Aquila Three Peaks High Income Fund was included in a Category Kings report by The Wall Street Journal for the one-year period ending March 31, 2016. The Category Kings report recognizes the top 10 performing funds, based on total return, in 16 Lipper categories for the one-year period. Aquila Three Peaks High Income Fund class Y (ATPYX) was listed at #6 in the Lipper High Yield Taxable category, out of 646 taxable high yield funds. During this period, the Fund generated a total return of 3.13%, compared to the Lipper High Yield Taxable category average of -4.03%, and the Barclays US Corporate High Yield Index Return of -3.69%.
We believe our relatively defensive positioning within the high yield market in recent years, with a focus on higher-quality names and lower-duration securities within those names, has been prudent, and as a result has produced relatively stable performance within the high yield asset class.
We remain focused on evaluating high yield issuers based on our fundamental research process in which we look for companies that are improving their balance sheets and growing their businesses in a disciplined manner. We believe our focus on providing a less volatile investment strategy within the high yield asset class is judicious given the potential for elevated volatility in this relatively low-yielding fixed-income environment.
Performance quoted in The Wall Street Journal report may not be current. For current quarter-end standardized performance and additional Lipper rankings for the 3-year, 5-year and 10-year periods please click here.
Performance data represents past performance, but does not guarantee future results. Investment return and principal value will fluctuate; shares, when redeemed, may be worth more or less than their original cost; current performance may be lower or higher than the data presented. Class A shares have a maximum sales charge of 4.00%; Class C shares have no initial sales charge, but a 1.00% contingent deferred sales charge applies to Class C shares redeemed within 12 months of their purchase date. Class I shares have no initial or contingent deferred sales charge. Class Y shares have no initial or contingent deferred sales charge. Class I and Class Y shares may only be purchased through an investment professional or financial institution. Class A MOP returns reflect deduction of the maximum 4.00% sales charge; Class A NAV returns do not refl ect deduction of the sales charge and would be lower if that charge were refl ected. Class C returns without CDSC do not reflect deduction of the 1% CDSC applicable in the first 12 months; if applied, the CDSC would reduce the performance quoted.
Before investing in a Fund, carefully read about and consider the investment objectives, risks, charges, expenses, and other information found in the Fund prospectus.
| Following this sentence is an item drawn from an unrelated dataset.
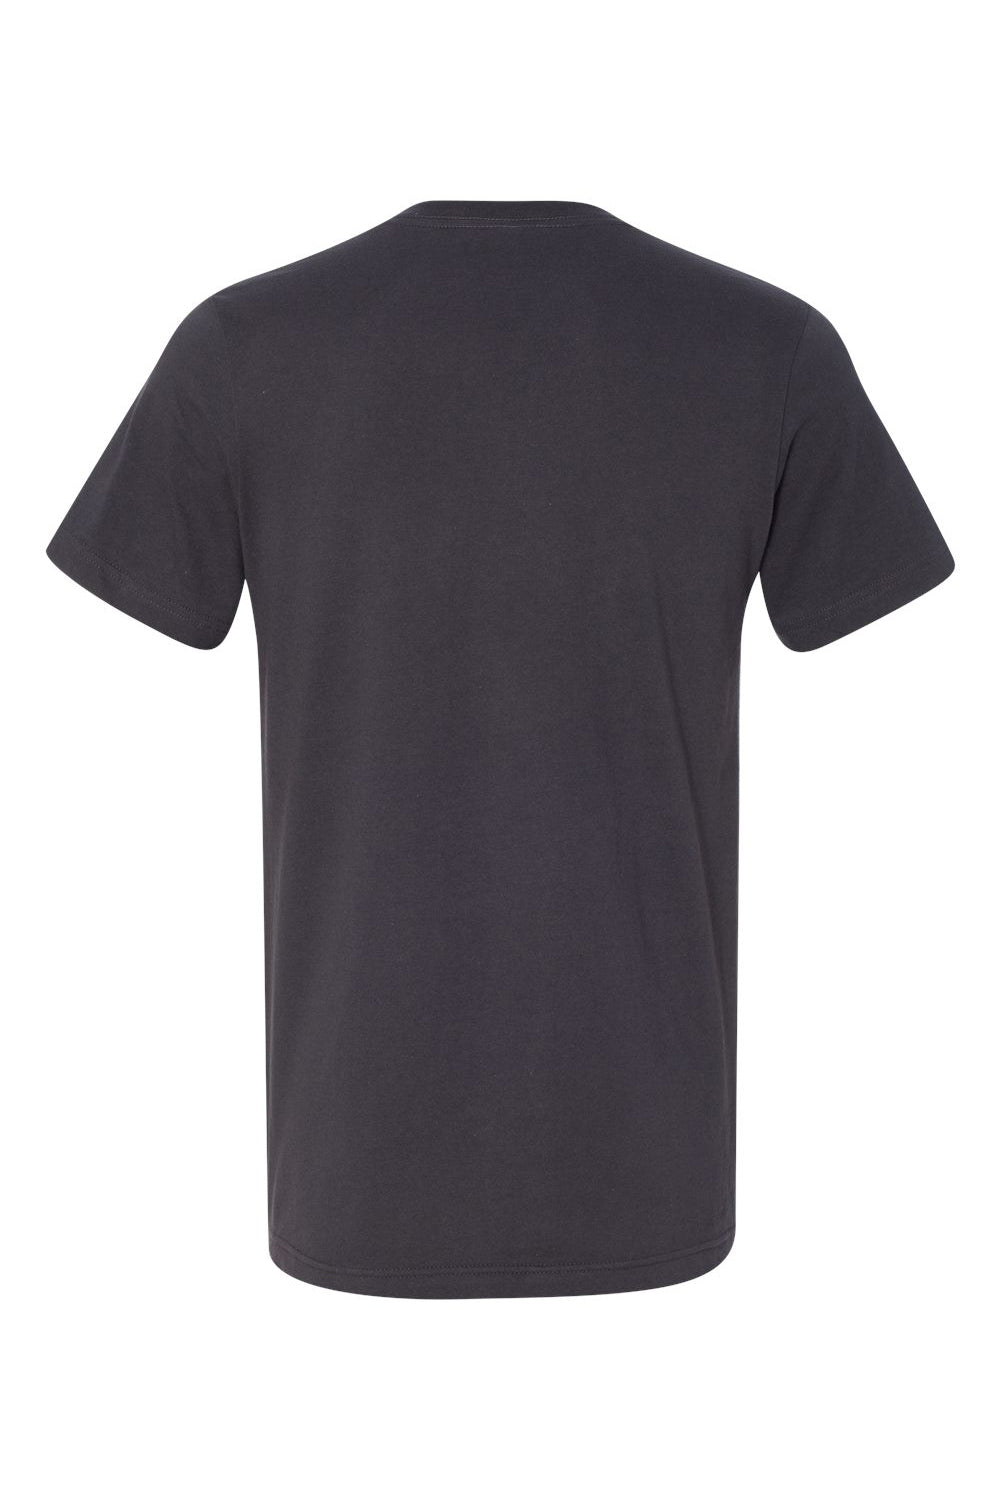 Bella + Canvas BC3005/3005/3655C Mens Jersey Short Sleeve V-Neck T-Shirt Dark Grey Flat Back

The prospectus is available on this site, from your financial adviser and when you call 800-437-1020.
Mutual fund investing involves risk; loss of principal is possible.
Investment Considerations: Investments in bonds may decline in value due to rising interest rates, a real or perceived decline in credit quality of the issuer, borrower, counterparty, or collateral, adverse tax or legislative changes, court decisions, market or economic conditions. The Fund’s portfolio will typically include a high proportion, perhaps even 100%, of high-yield / high-risk securities rated below investment grade. High-yield corporate bonds generally have greater credit risk than other types of fixed-income securities and may be especially sensitive to economic and political changes or adverse developments specific to the company that issued the bond. The return of principal for the bond holdings in this fund is not guaranteed.
Lipper, Inc., a mutual fund rating service, compiles performance data used to derive their own ranking data. Lipper rankings are based on total return calculations without an adjustment for sales charges. As of March 31, 2015, Lipper placed Aquila Three Peaks Opportunity Growth Fund Class Y in the 1st percentile for the 1-year period within their Mid Cap Core Category, which on that date included 386 mutual funds. Lipper ratings for other periods are included with the standardized performance data.